* **Task statement**: Take the entries below and print, exactly, the stretch from the line containing "Swedish Flag In" through the line containing "Vintage Lillie Rubin", both included.

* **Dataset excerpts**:
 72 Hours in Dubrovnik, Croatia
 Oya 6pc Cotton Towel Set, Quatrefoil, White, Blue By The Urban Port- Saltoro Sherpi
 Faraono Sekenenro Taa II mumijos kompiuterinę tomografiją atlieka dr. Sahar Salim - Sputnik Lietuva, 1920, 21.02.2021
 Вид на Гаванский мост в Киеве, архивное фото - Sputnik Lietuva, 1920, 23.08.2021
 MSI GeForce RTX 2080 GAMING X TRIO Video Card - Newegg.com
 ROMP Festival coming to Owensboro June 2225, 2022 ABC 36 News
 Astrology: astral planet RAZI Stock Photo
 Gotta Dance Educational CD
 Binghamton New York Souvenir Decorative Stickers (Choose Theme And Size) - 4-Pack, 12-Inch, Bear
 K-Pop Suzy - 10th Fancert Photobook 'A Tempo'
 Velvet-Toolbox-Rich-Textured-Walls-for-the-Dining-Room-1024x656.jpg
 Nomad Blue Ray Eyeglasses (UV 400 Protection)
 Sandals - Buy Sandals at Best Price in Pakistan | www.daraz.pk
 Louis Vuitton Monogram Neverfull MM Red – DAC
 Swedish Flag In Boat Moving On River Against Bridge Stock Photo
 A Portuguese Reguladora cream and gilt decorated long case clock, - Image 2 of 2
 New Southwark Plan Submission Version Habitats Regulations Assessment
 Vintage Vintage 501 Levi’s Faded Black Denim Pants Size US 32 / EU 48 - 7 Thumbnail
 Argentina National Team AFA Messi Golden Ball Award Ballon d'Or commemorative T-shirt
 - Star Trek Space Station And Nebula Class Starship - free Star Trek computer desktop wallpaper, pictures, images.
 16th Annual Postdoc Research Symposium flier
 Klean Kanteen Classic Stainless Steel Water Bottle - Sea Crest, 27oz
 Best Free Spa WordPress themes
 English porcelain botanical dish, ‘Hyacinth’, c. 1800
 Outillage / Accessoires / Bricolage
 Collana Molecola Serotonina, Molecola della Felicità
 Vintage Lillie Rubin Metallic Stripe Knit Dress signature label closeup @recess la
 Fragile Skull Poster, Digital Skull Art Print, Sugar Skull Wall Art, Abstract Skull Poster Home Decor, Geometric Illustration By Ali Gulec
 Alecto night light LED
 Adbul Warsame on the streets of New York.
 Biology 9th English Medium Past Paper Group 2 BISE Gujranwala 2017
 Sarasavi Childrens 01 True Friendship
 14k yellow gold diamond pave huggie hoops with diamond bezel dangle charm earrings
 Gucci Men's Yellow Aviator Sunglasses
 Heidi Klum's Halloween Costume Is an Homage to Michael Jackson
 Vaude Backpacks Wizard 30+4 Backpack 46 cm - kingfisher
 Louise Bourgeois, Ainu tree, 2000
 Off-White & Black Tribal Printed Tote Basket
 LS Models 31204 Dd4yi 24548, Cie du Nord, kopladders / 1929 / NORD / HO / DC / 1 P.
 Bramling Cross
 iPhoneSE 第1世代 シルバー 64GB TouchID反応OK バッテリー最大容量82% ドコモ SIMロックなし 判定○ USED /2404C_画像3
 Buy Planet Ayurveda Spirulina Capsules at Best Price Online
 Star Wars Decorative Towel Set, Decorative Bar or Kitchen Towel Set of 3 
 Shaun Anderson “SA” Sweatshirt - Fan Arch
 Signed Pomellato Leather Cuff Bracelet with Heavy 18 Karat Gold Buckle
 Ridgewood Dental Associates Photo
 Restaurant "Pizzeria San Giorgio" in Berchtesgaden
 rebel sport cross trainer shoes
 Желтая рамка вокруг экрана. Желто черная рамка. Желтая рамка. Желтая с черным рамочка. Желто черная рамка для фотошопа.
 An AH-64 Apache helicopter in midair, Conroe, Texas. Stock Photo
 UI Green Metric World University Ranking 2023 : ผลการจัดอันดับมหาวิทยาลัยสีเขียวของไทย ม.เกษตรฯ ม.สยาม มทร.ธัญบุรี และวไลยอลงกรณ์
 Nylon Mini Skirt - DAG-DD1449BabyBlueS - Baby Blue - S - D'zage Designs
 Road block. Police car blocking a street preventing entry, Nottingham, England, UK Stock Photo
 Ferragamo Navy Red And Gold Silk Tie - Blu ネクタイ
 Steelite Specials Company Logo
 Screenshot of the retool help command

* **Task solution**:
 Swedish Flag In Boat Moving On River Against Bridge Stock Photo
 A Portuguese Reguladora cream and gilt decorated long case clock, - Image 2 of 2
 New Southwark Plan Submission Version Habitats Regulations Assessment
 Vintage Vintage 501 Levi’s Faded Black Denim Pants Size US 32 / EU 48 - 7 Thumbnail
 Argentina National Team AFA Messi Golden Ball Award Ballon d'Or commemorative T-shirt
 - Star Trek Space Station And Nebula Class Starship - free Star Trek computer desktop wallpaper, pictures, images.
 16th Annual Postdoc Research Symposium flier
 Klean Kanteen Classic Stainless Steel Water Bottle - Sea Crest, 27oz
 Best Free Spa WordPress themes
 English porcelain botanical dish, ‘Hyacinth’, c. 1800
 Outillage / Accessoires / Bricolage
 Collana Molecola Serotonina, Molecola della Felicità
 Vintage Lillie Rubin Metallic Stripe Knit Dress signature label closeup @recess la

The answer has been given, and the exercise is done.